The companies also announced that Barrick would sell Acacia’s exploration properties over the next two years, with net proceeds to be paid to Acacia shareholders.

Acacia said on Friday that the new offer was not only considered fair, but would also allow Barrick to finalise the terms of a settlement agreement with the government of Tanzania.

“It is also an attractive solution for the company’s other key stakeholders, as it may enable Barrick to finalise the terms of a settlement with the government of Tanzania, thereby resolving the long-running disputes and potentially allowing the Acacia group’s Tanzanian business, and its employees in Tanzania, who have provided exceptional and unstinting support in continuing operations in country, to return to a normalised operating environment,” a statement noted.

Acacia is facing significant trouble in Tanzania, where an export ban on metallic mineral concentrates in March 2017 had forced the miner to put Bulyanhulu mine on reduced operations. In addition, there are numerous ongoing unresolved disputes between the Tanzania government and Acacia, including disputes in relation to tax, environmental and criminal matters. Acacia was handed a $190-billion tax bill in Tanzania, which had been reduced to $300-million under a 2017 agreement.

As majority shareholder, Barrick had taken charge of negotiations with the government of Tanzania to reach a resolution on various disputes. Acacia was not permitted to participate in discussions and was not involved in negotiating terms.

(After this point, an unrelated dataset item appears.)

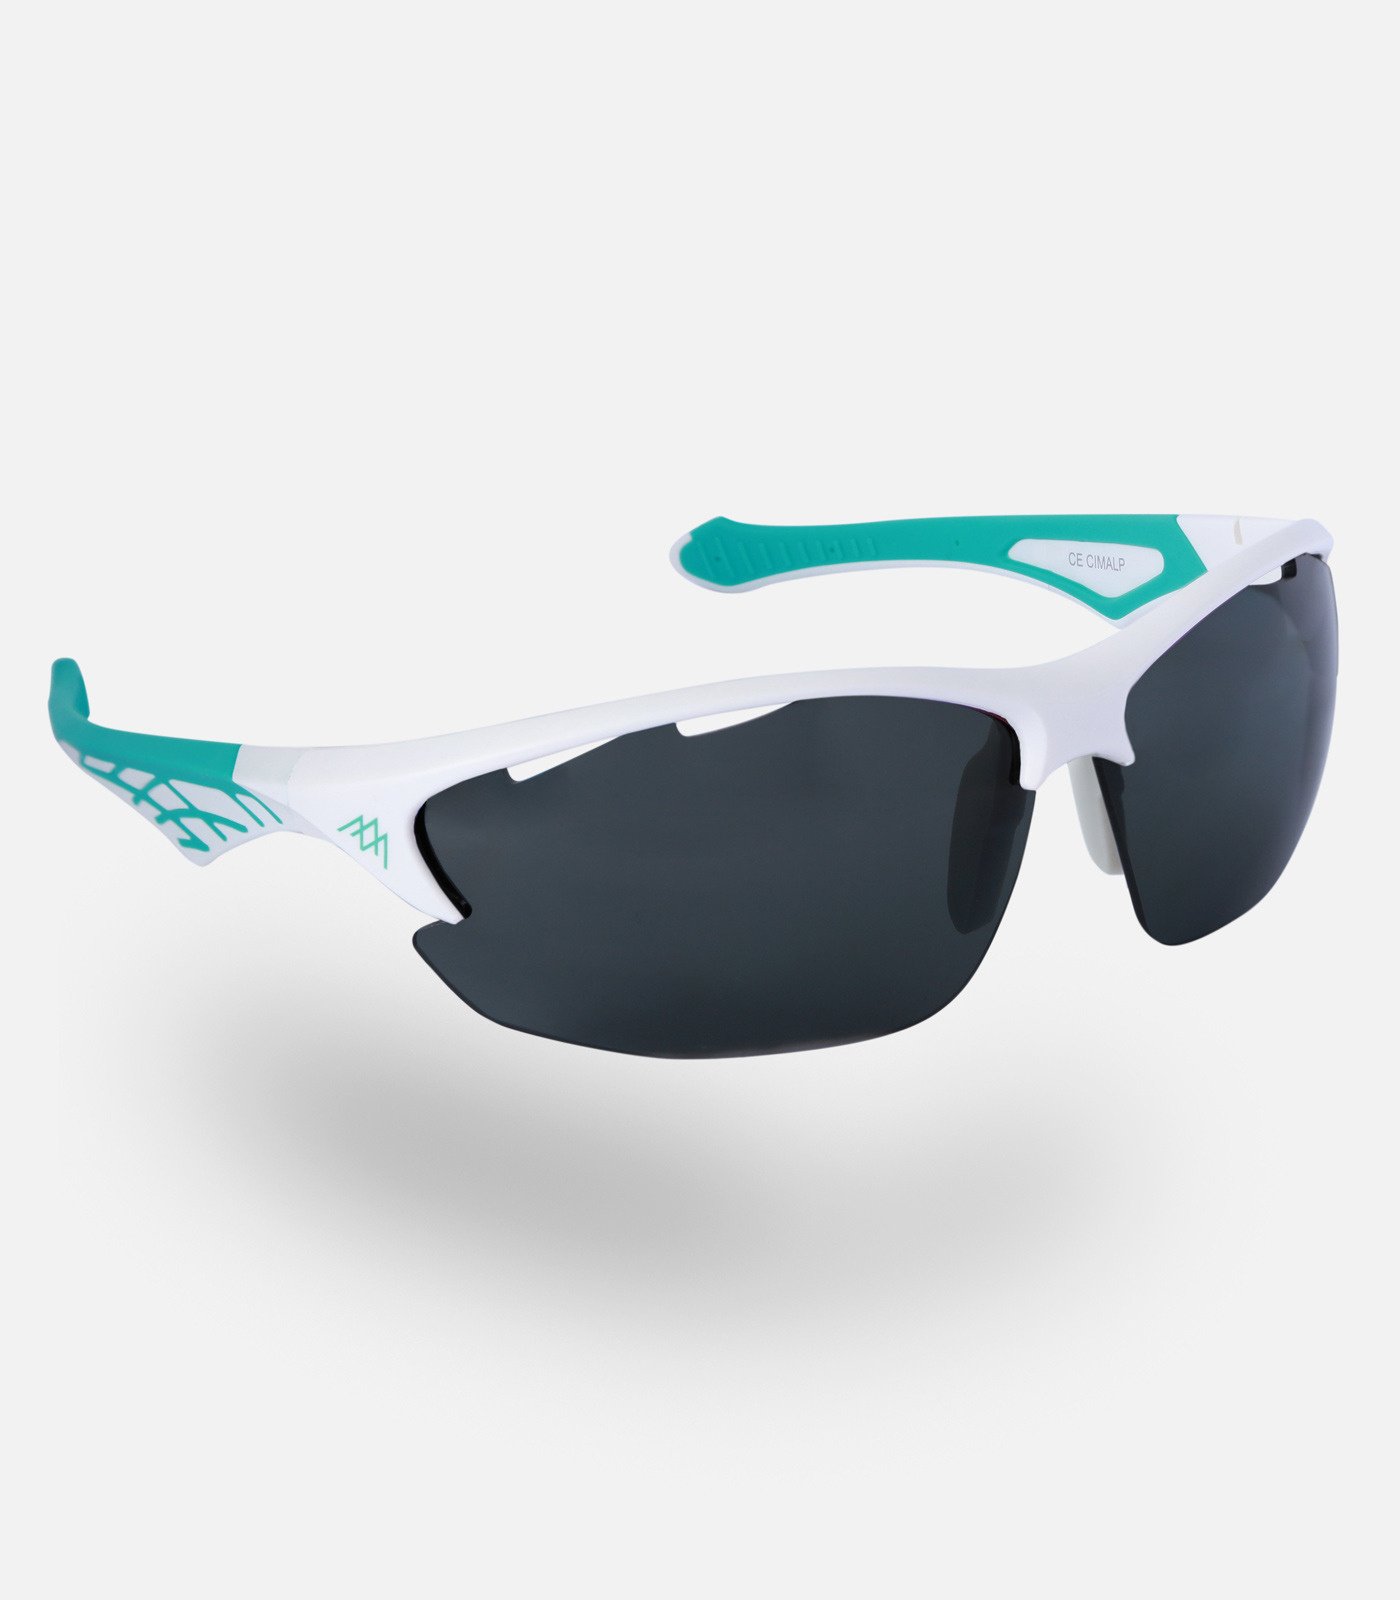 Gafas outdoor con lentes polarizadas de cat.3 | Cimalp
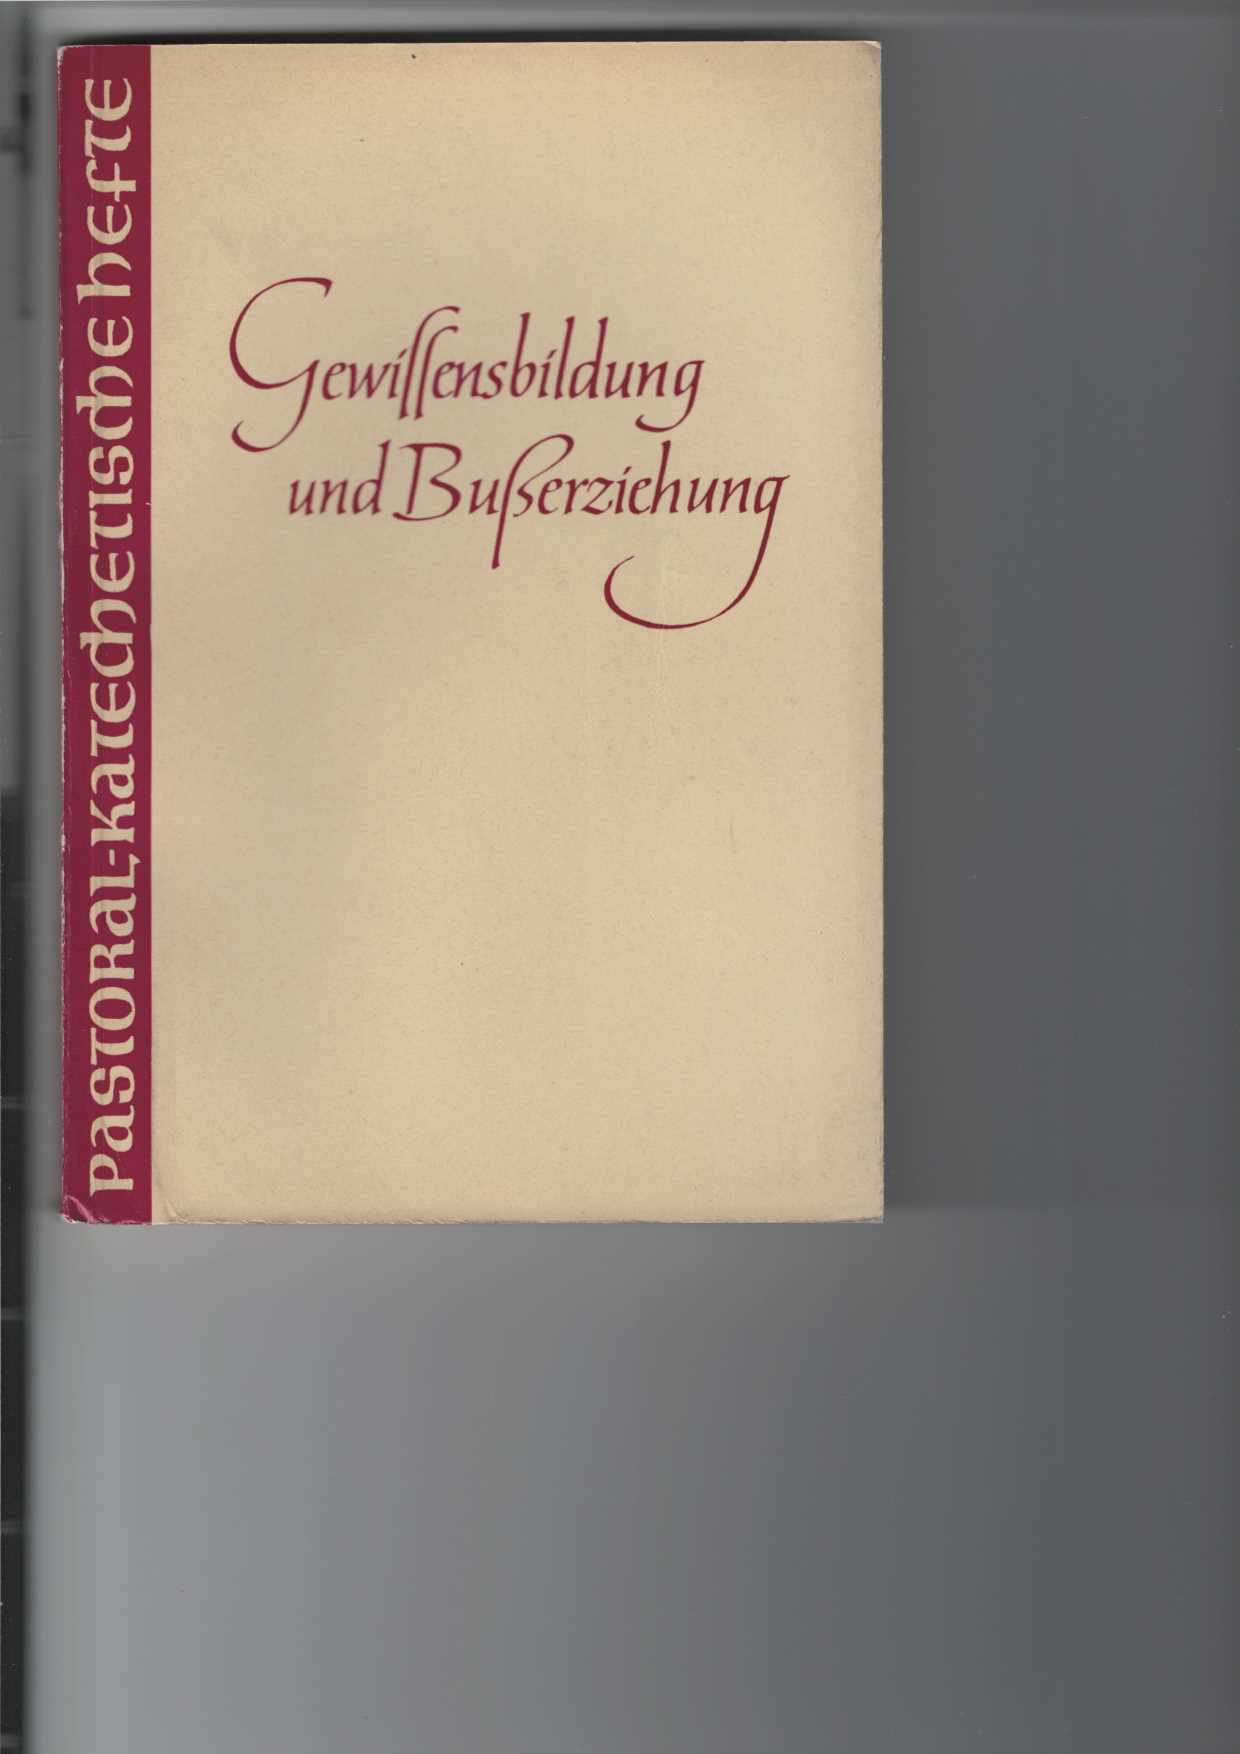 Tilmann, Klemens:  Gewissensbildung und Buerziehung : Pastoral-Katechetische Hefte, Heft 19.

In May, discussions between Barrick and the government advanced to a point where draft transaction documents for a possible settlement had been extensively negotiated and initialled by the government.

The key principle of the draft agreement is that the government and Acacia’s Tanzanian mine operating subsidiaries will share the economic benefits derived from the mines on a 50:50 basis, based on the life-of-mine plans. The documents also provide for a $300-million payment by the Acacia group for the full, final and comprehensive settlement of all existing disputes between the government and the mining company.

Earlier this week, the North Mara mine had been issued no export letter and a prohibition notice, ordering it to stop using the tailings storage facility. This forced the mine to stop gold production.

“Considering the impending loss of the ability of Acacia to produce gold and operate the mine at North Mara, the Acacia group’s cash flow from operations will be adversely impacted and the Acacia group will be required to meet its on-going working capital requirements and other financial obligations from its existing cash balance. This position is not sustainable and the liquidity of the company will be constrained in the absence of a resolution,” the Acacia statement said.

It is hoped that with the buyout, Barrick would be able to preserve the value of Acacia’s assets.